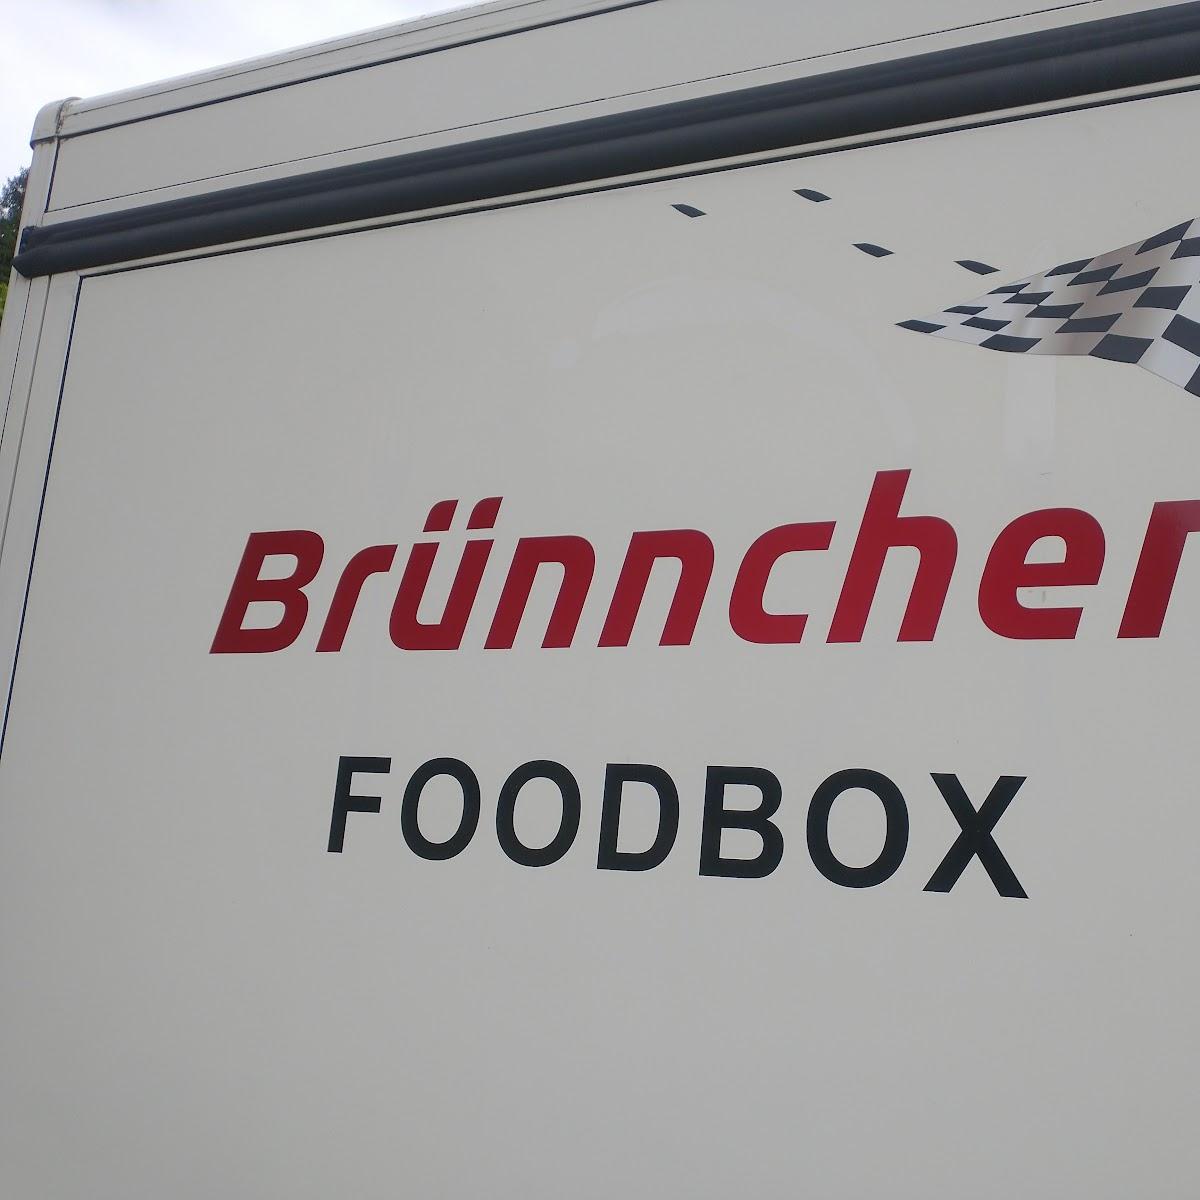 Restaurant "Brünnchen Foodbox" in Herschbroich
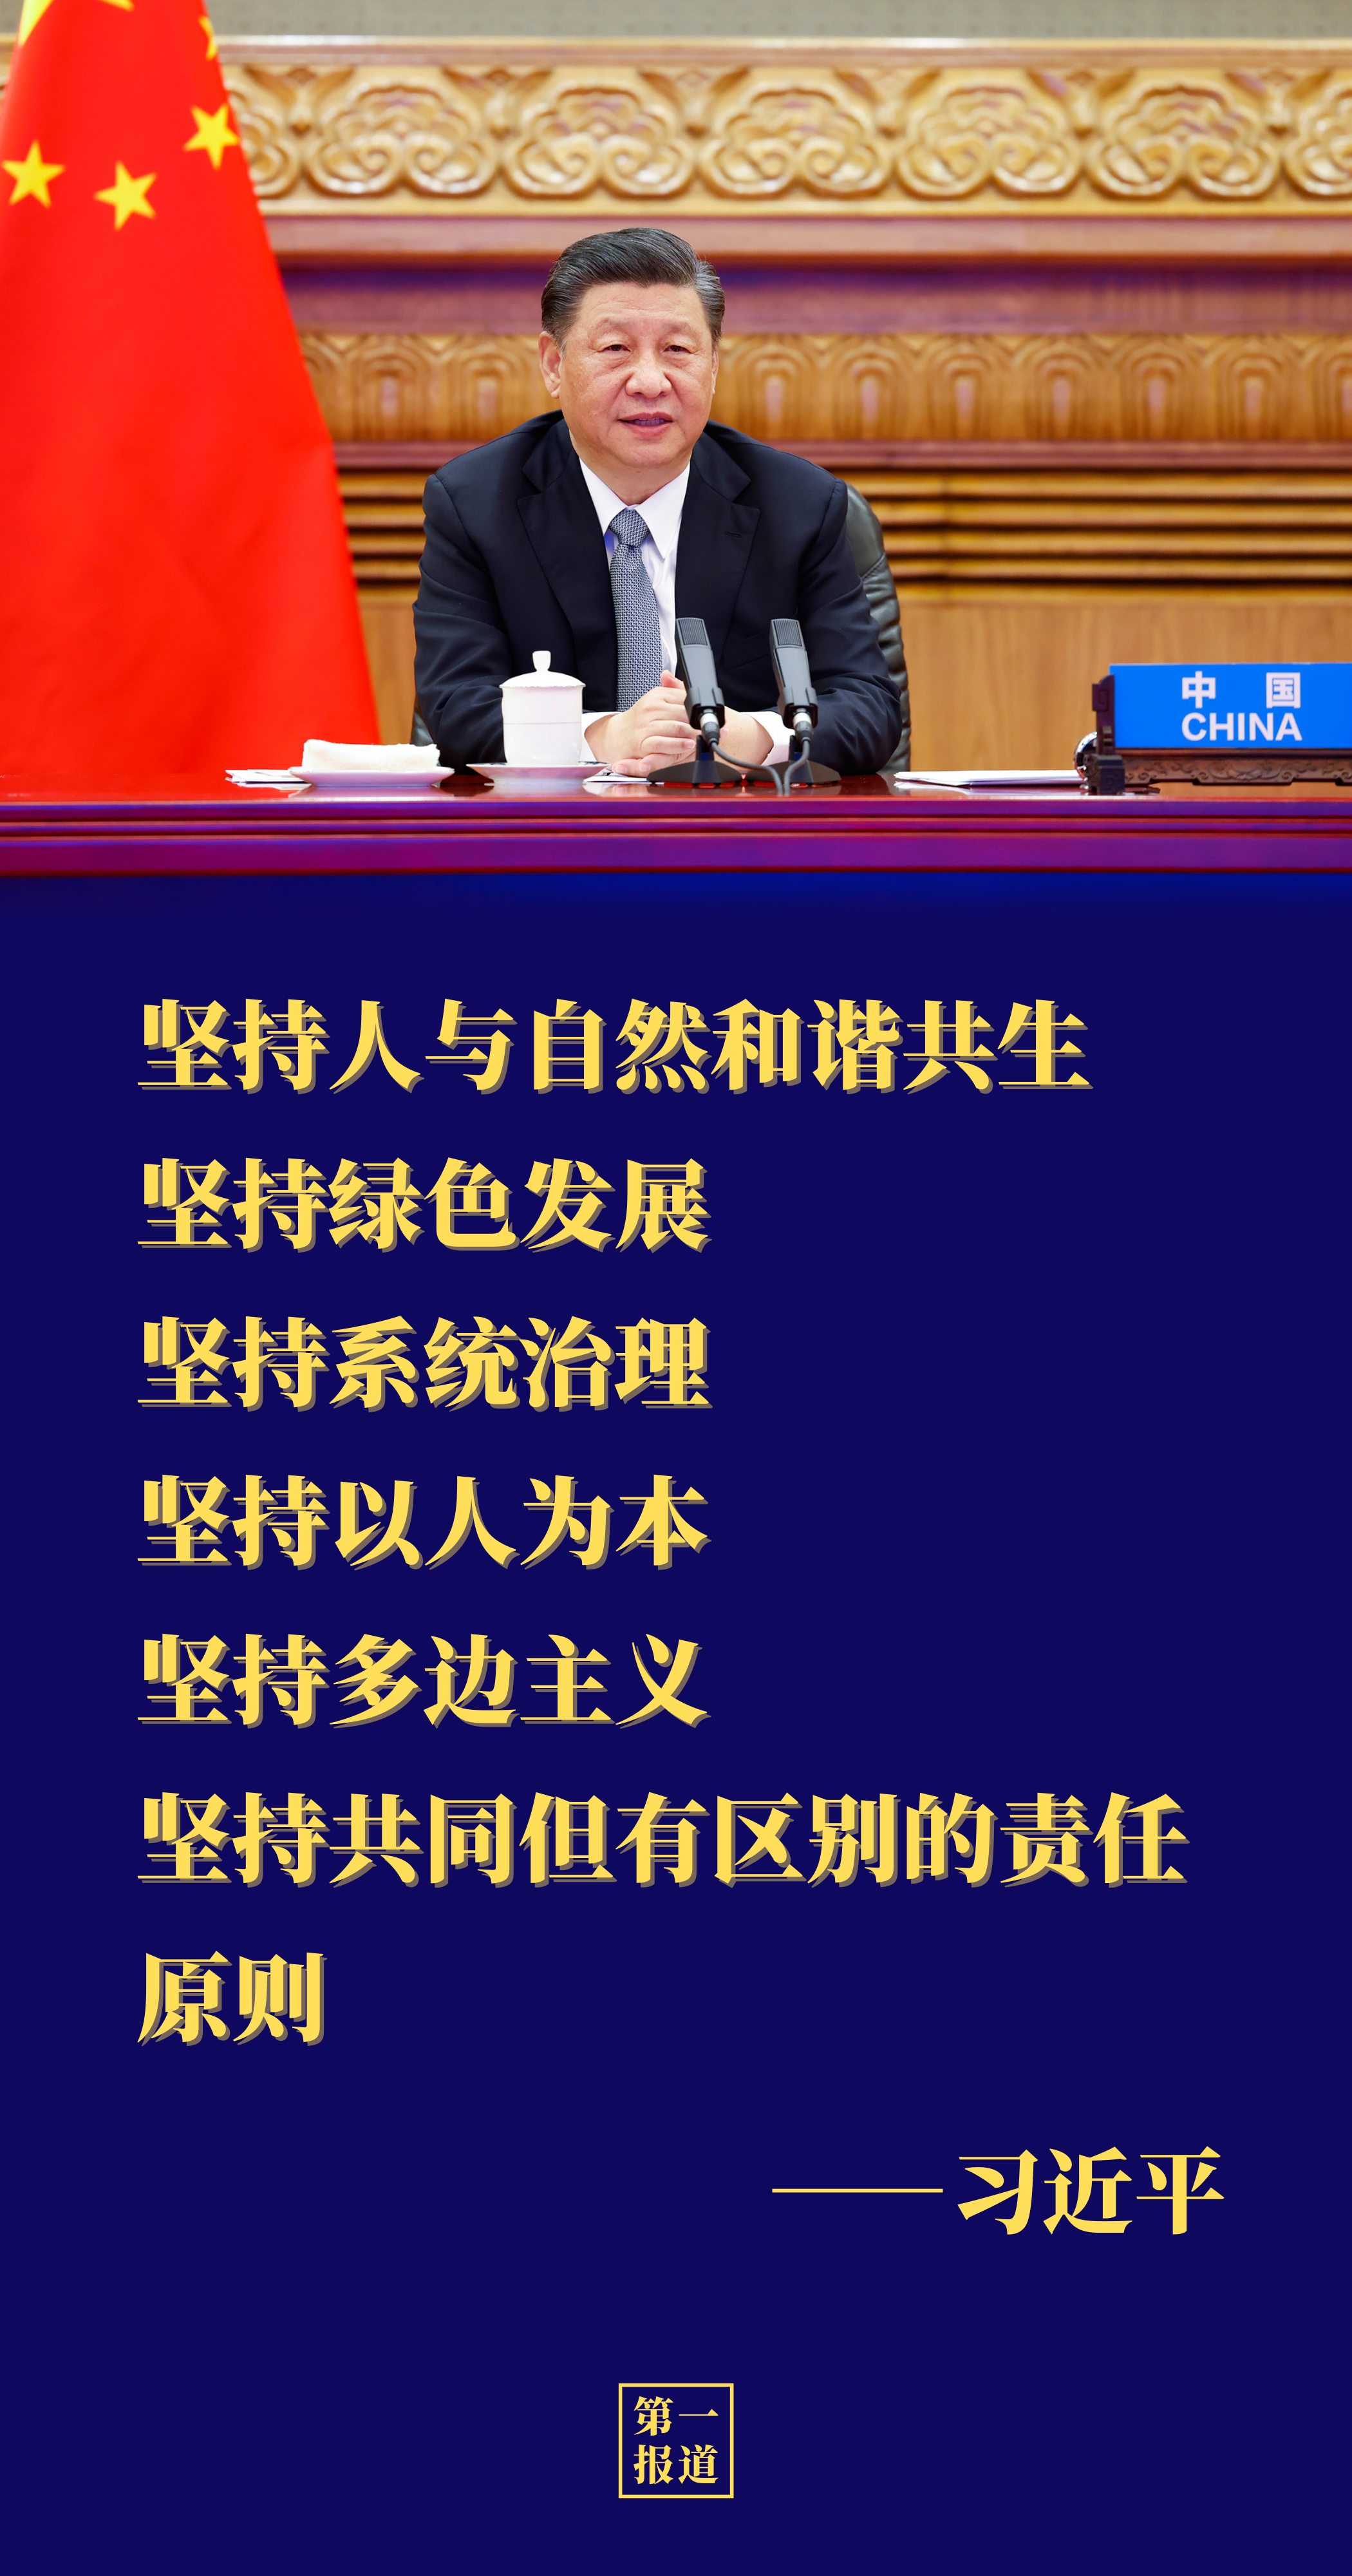 第一报道丨4月中国元首外交为世界计
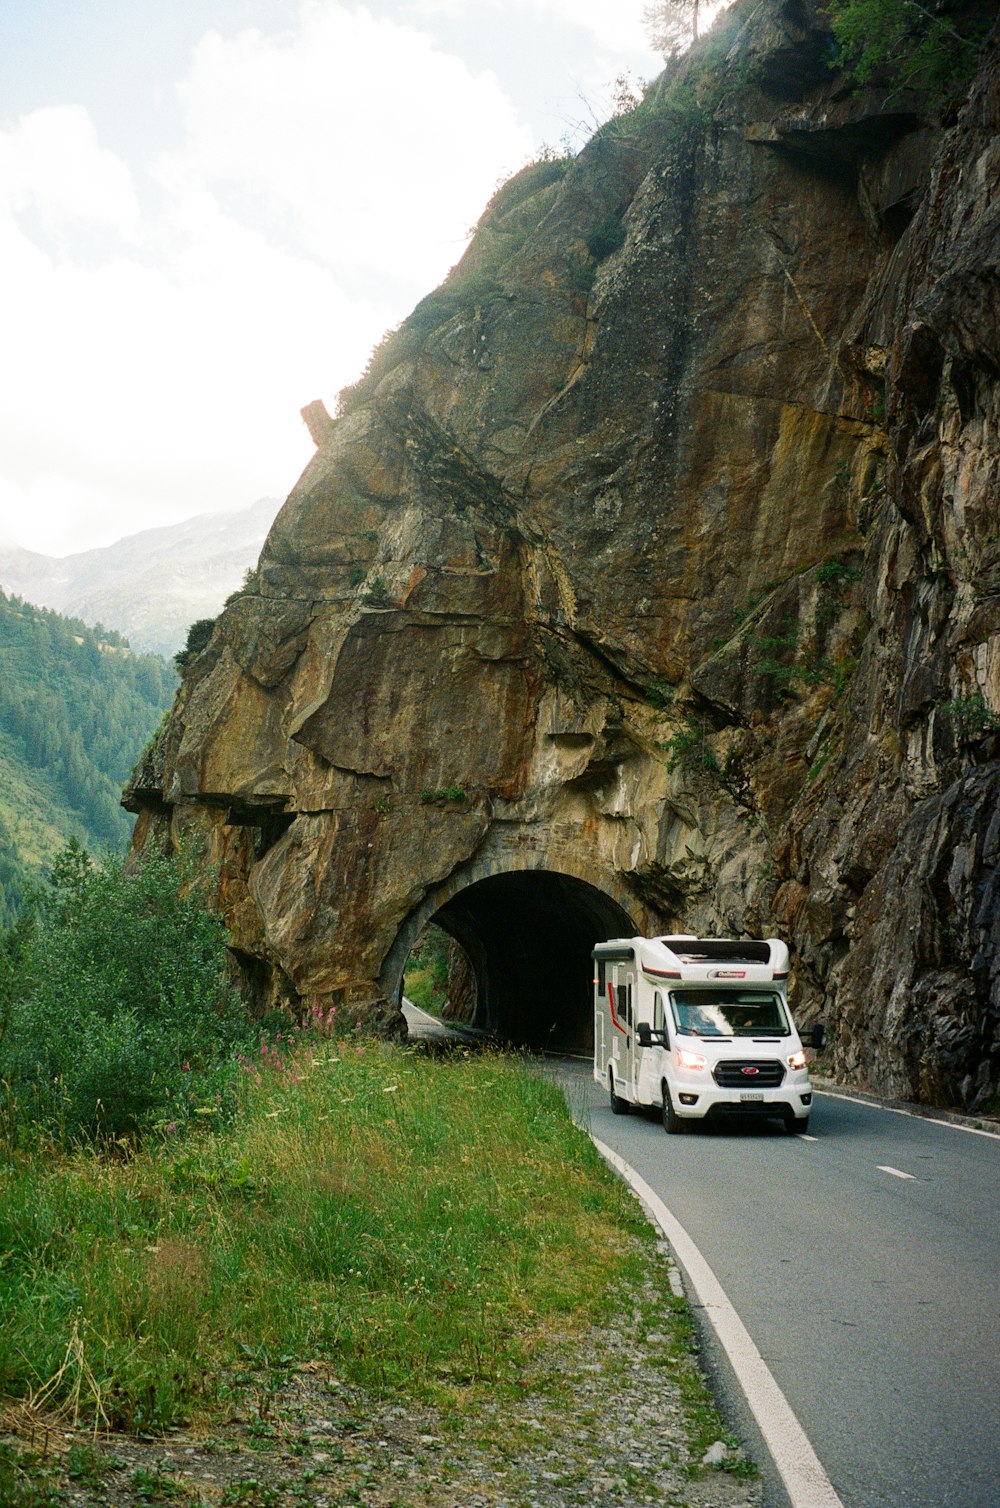 Un camion che guida in un tunnel sul fianco di una montagna

| How to complete this task |
Set down the material above word for word and skip its pictures.

| Solution |
 Restaurant "Brünnchen Foodbox" in Herschbroich
 第一报道丨4月中国元首外交为世界计
 Un camion che guida in un tunnel sul fianco di una montagna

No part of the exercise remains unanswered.